The title track of “Sergeant Pepper” was about halfway through.

“Sodding pretentious drivel,” muttered Mike. Then, to make himself feel better, he yelled it. Then he sang along with the song, replacing all the words with “Sodding pretentious drivel” although it really didn’t fit the tune at all well. Sergeant Pepper was the anthem, the Ark of the sodding Covenant of his parents’ generation. It was the only LP he recalled them owning and they would play it, enraptured, repeatedly in the long summer evenings at home. They wouldn’t even let the bloody thing go “kertonk kertonk” at the end of side one (or say “Paul is dead” backwards or whatever it was supposed to do). One of them would leap up and turn the bloody thing over. Or play that thing about the holes in bleeding Lancashire again and again and gawp at each other stupidly. He had hoped that they would retire it when it got a scratch on that track and, even now, he always expects to hear “holes in Blackburn, Lancashire – cashire – cashire” whenever it’s played.

Mike’s faith in God was restored the day in 1992 that his mum left it in the sun while she emptied the washing machine, turning it into a Daliesque object hanging over the edge of the sideboard. He became a confirmed atheist the next day when Dad triumphantly stormed into the house with the bloody thing on CD and with a CD player on which to play it. They spent the rest of the day (of which there seemed to be seventy hours left) playing it and singing along, looking meaningful when the words reached the truly meaningless bits.

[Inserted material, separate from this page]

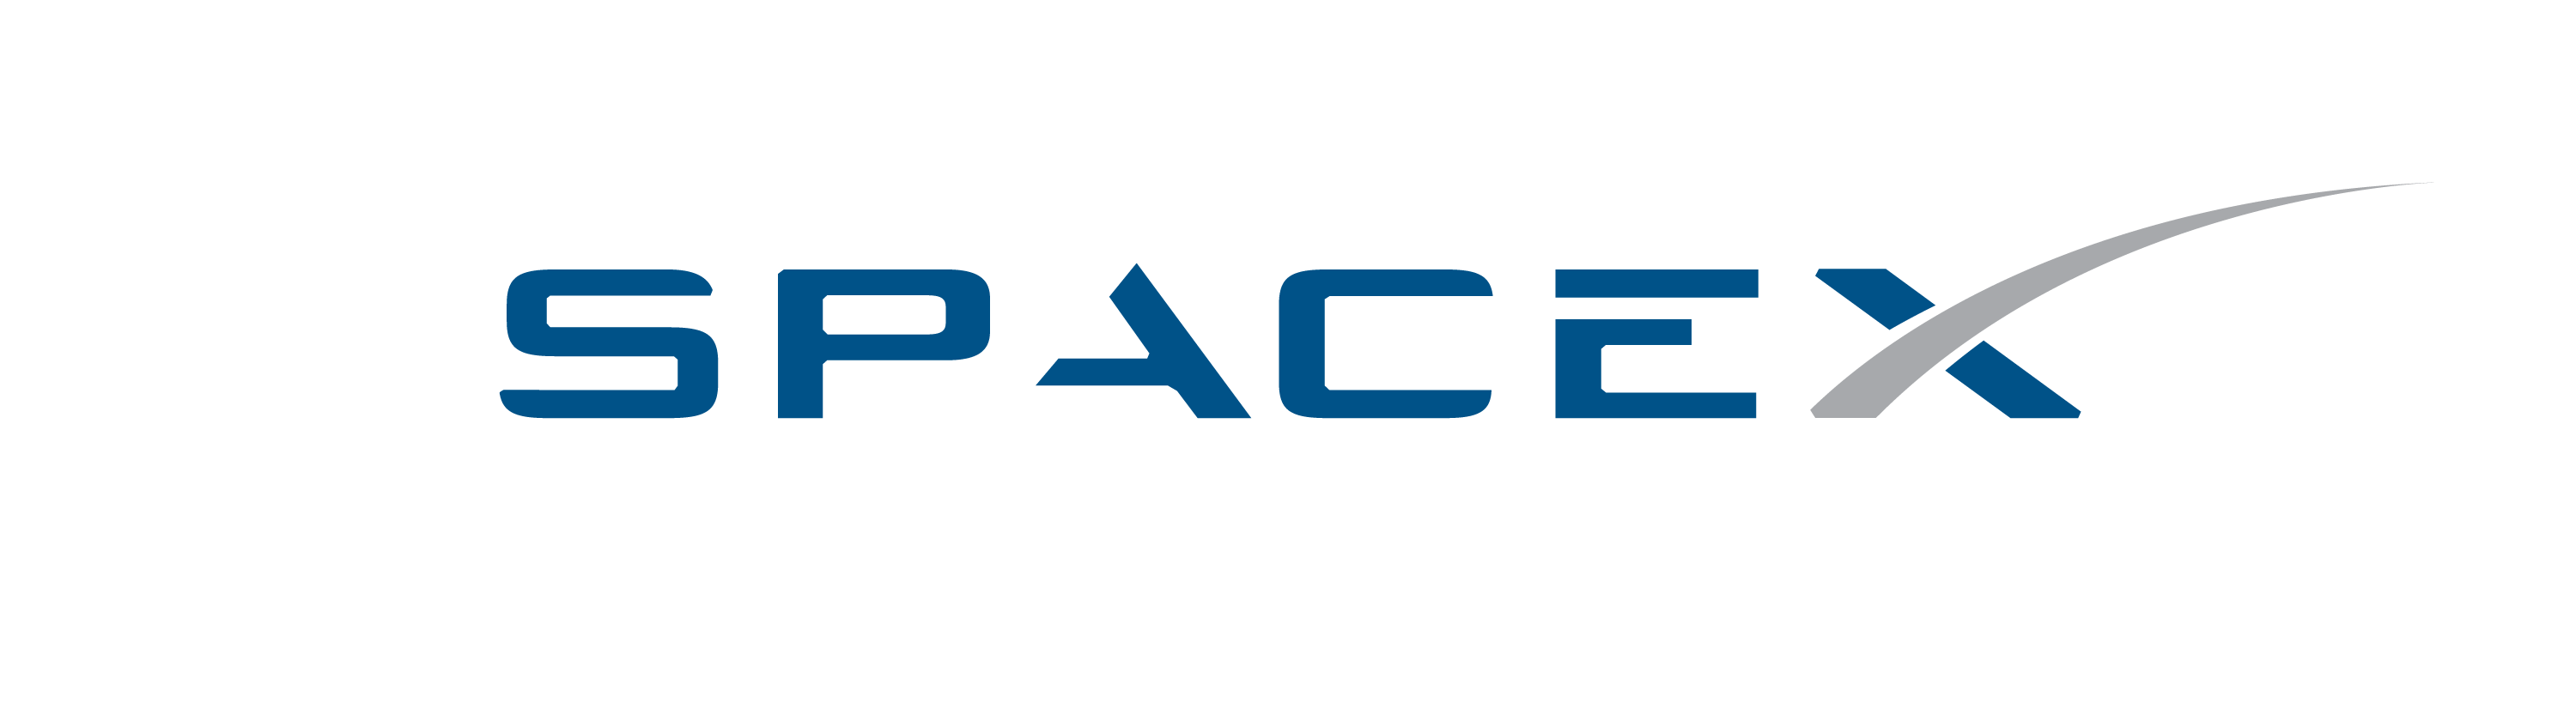 SpaceX Logo Wallpaper
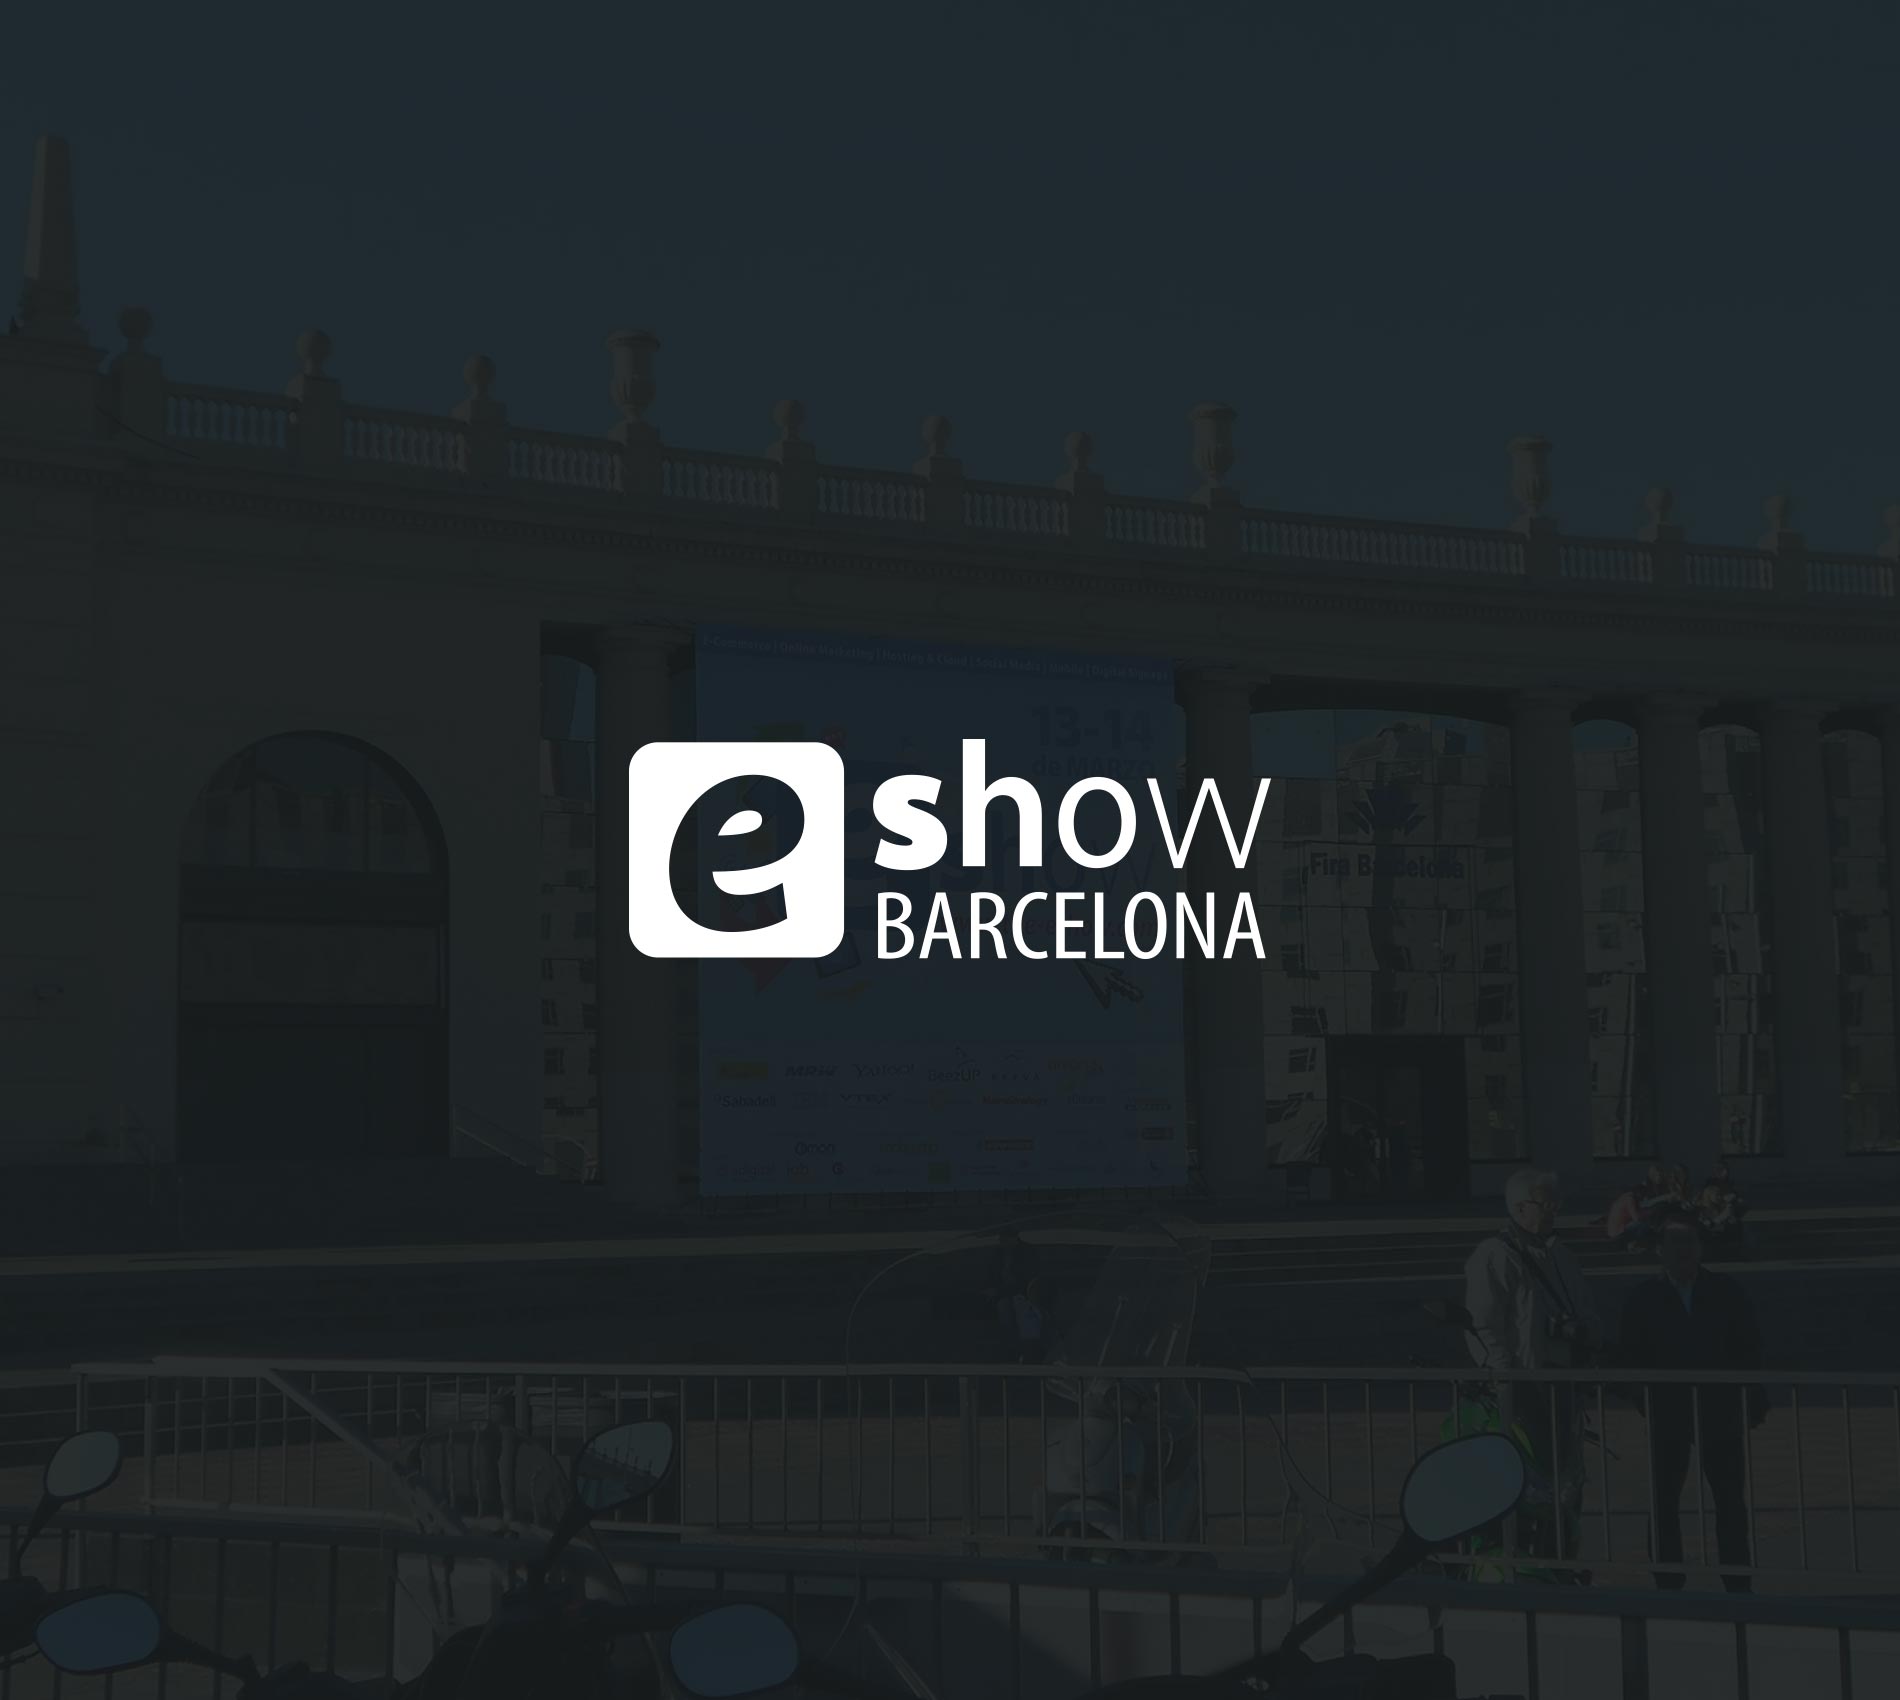 E-show 2013, Barcelona | March 2013

It even got him in trouble at school. Mike was good at school, meaning he behaved acceptably and passed all the exams he took, some of them with “A” grades. Mr. Shiner, his English teacher, had to introduce Mike’s class to the art of writing poetry criticism and, to break them in easily, he set “A Day in the Life” as the work in question. Mike’s essay was considerably shorter than the expected three pages and displayed a luridness of vocabulary that is usually not to be found in the Times Literary Supplement. Mr. Shiner was a forgiving soul and understood that Mike’s comments probably stemmed from a more intimate knowledge of the subject than they initially revealed. He summoned Mike, or Fendalton, as he was then known, to the staff room.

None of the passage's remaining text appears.